# JUnit: Testproblem.



## 7crystal7 (16. Jan 2008)

Hallo Leute,

ich lerne gerade nach http://www.frankwestphal.de/UnitTestingmitJUnit.html Unit Testing. Hierzu habe ich folgende Klasse Euro:


```
public class Euro {
	
  private long cents;
  
  public Euro(double euro) {
	 if (euro < 0.0) {
	    throw new IllegalArgumentException("Negative amount");
	 }
	 cents = Math.round(euro * 100.0);
  }
  
  public double getAmount() {
    return (cents / 100);
  }
  
  public int hashCode() {
	return (int) cents;
  }
  
  public Euro add(Euro other) {
	return new Euro(this.cents + other.cents);
  }
  
  public boolean equals(Object o) {
    if (o == null || !o.getClass().equals(this.getClass())) {
    	return false;
	}
	Euro other = (Euro) o;
	return this.cents == other.cents;
  }

}
```

und meine Testklasse:


```
import junit.framework.*;

public class EuroTest extends TestCase {

	  private Euro two;
	  
	  public EuroTest(String name) {
	    super(name);
	  }

	  protected void setUp() {
		two = new Euro(2.00);
	  }

	  protected void tearDown() {
		//two = null;
	  }
	  
	  public void testAmount() {
		assertTrue(2.00 == two.getAmount());
	  }

	  public void testRounding() {
		Euro roundedTwo = new Euro(1.995);
		assertEquals("rounded amount", 2.00, roundedTwo.getAmount(), 0.001);
	  }

	  public void testAdding() {
		Euro three = two.add(new Euro(1.00));
		assertEquals("two", 2.00, two.getAmount(), 0.001);
		assertEquals("sum", 3.00, three.getAmount(), 0.001);
	  }
	  
	  public void testEquality() {
		 assertEquals(two, two);
		 assertEquals(two, new Euro(2.00));
		 assertEquals(new Euro(2.00), two);

		 assertTrue(!two.equals(new Euro(0)));
		 assertTrue(!two.equals(null));
		 assertTrue(!two.equals(new Object()));
	  }
	  
	  public void testHashCode() {
		assertTrue(two.hashCode() == two.hashCode());
		assertTrue(two.hashCode() == new Euro(2.00).hashCode());
	  }
	  
	  public void testNegativeAmount() {
	    try {
	      final double NEGATIVE_AMOUNT = -2.00;
	      new Euro(NEGATIVE_AMOUNT);
	      fail("Should have raised an IllegalArgumentException");
		} 
		catch (IllegalArgumentException expected) {
			System.out.println("Exception works!");
		}
	  }
  
  public static void main(String[] args) {
    junit.swingui.TestRunner.run(EuroTest.class);
  }
}
```


Wieso funktioniert der testAdding nicht? Der Fehler lautet immer: 
junit.framework.AssertionFailedError: sum expected:<3.0> but was:<300.0>


Könnt ihr mir weiterhelfen? Wäre dringend weil ich das wirklich nicht verstehe...

Vielen Dank,
Babsi


----------



## quippy (16. Jan 2008)

Your code works as designed! Und Junits funktionieren doch 

Schau mal in Deinen Konstruktor der Klasse €uro und dann dort in die Add-Methode. Wenn Du die Cents addierst (zwei Long-Werte) und keinen Konstruktor für long als Extrabehandlung hast, dann werden die Cents (200+100) nochmal mit hundert multipliziert und bei getAmount wieder durch 100 geteilt.

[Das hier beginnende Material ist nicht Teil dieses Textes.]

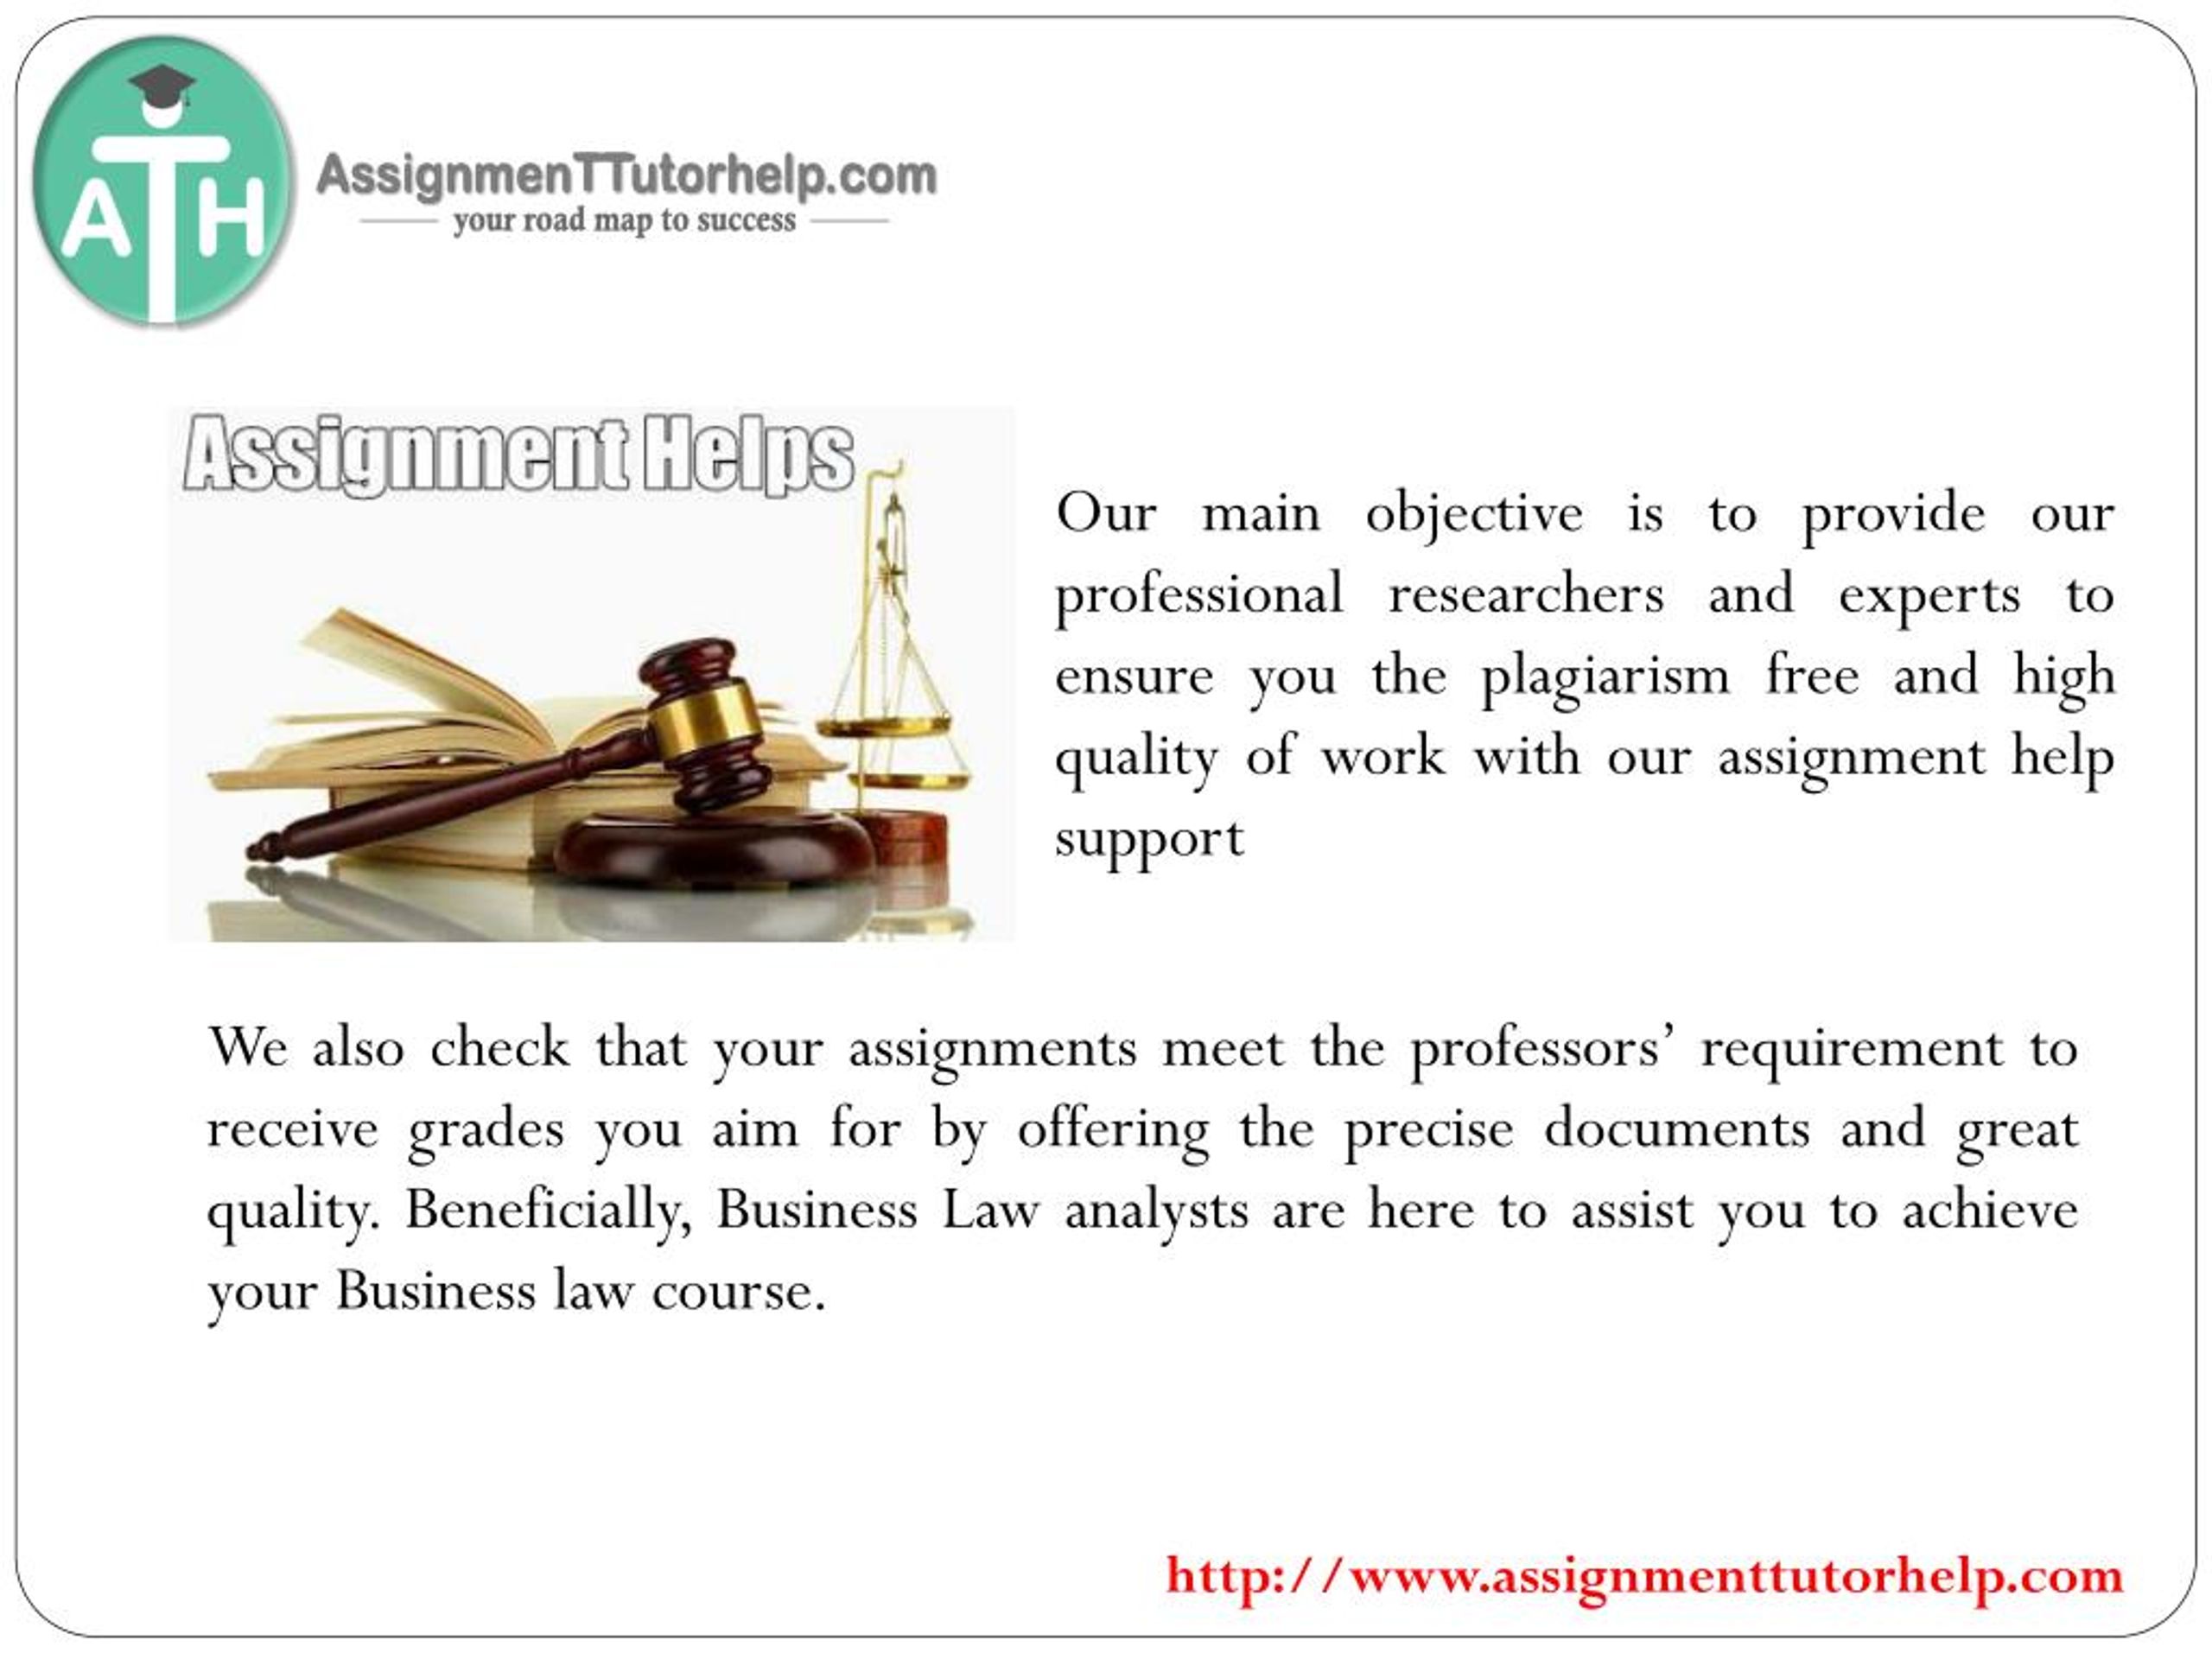 business law assignment help

Deine add-Methode müßte lauten

```
return new Euro((this.cents + other.cents)/100.0); // Auf Float/Double achten, sonst wird das hier ganzzahlig
```

Wenn Du übrigens mal einen Debugger verwendet hättest, dann wäre Dir das auch so mal aufgefallen!


----------



## maki (16. Jan 2008)

> Wenn Du übrigens mal einen Debugger verwendet hättest, dann wäre Dir das auch so mal aufgefallen!


Logging ist besser


----------



## quippy (16. Jan 2008)

maki hat gesagt.:
			
		

> > Wenn Du übrigens mal einen Debugger verwendet hättest, dann wäre Dir das auch so mal aufgefallen!
> 
> 
> Logging ist besser



Logging ist das Debugging für Arme :bae: Also ne, da schaue ich lieber mal während der Laufzeit in den Code, als ihn mit Ausgaben zu spicken...


----------



## Guest (16. Jan 2008)

danke für die Antworten.. wie müsste ich denn die Klasse Euro modifizieren das der Test so wie er ist funktioniert?

Vielen Dank,
Babsi

P.S.: Wo stellt man das Logging und Debugging in Eclipse ein? Sorry -> Noob :-/


----------



## maki (16. Jan 2008)

> Logging ist das Debugging für Arme bae.gif Also ne, da schaue ich lieber mal während der Laufzeit in den Code, als ihn mit Ausgaben zu spicken...


Umgekehrt wird ein Schuh draus 

Logging ist Fehlersuche für Fortgeschrittene, Debugging ist für verzweifelte bzw. wenn man zwar weiss wo der Fehler ist, aber noch nicht warum es falsch läuft.

Mit einem guten Logging Konzept spart man sich in 90% den Debugger und die Zeit.


----------



## 7crystal7 (16. Jan 2008)

danke, schon gesehen sorry!

Wie kann ich denn in Eclipse einen Testcase debuggen?

LG
Babsi


----------



## 7crystal7 (16. Jan 2008)

ok, Debugging auch gefunden.. Kann man in Java nur nach unten steppen, nicht mehr zurück (also eine Zeile darüber z.B.)? Kenne das vom VB bidirektional..

Vielen Dank,
Babsi


----------



## Guest (16. Jan 2008)

7crystal7 hat gesagt.:
			
		

> Kann man in Java nur nach unten steppen


Ja.


----------



## tfa (16. Jan 2008)

7crystal7 hat gesagt.:
			
		

> Kann man in Java nur nach unten steppen



Du kannst in der Aufruf-Stack-Liste eine Methode auswählen und dann "Drop to Frame" aufrufen.


----------



## quippy (17. Jan 2008)

maki hat gesagt.:
			
		

> > Logging ist das Debugging für Arme bae.gif Also ne, da schaue ich lieber mal während der Laufzeit in den Code, als ihn mit Ausgaben zu spicken...
> 
> 
> Umgekehrt wird ein Schuh draus
> ...



Das sehe ich anders. 

Klar, wenn ich Logging betreibe, muß ich als Entwickler selbst entscheiden, wo die Knackpunkte im Programm sind, an denen ich irgendwelche Ausgaben sehen will - und zudem hinterher noch in der Lage sein, diese Ausgaben so zu interpretieren, daß reine Codeinspektion ausreicht, um den Fehler zu finden.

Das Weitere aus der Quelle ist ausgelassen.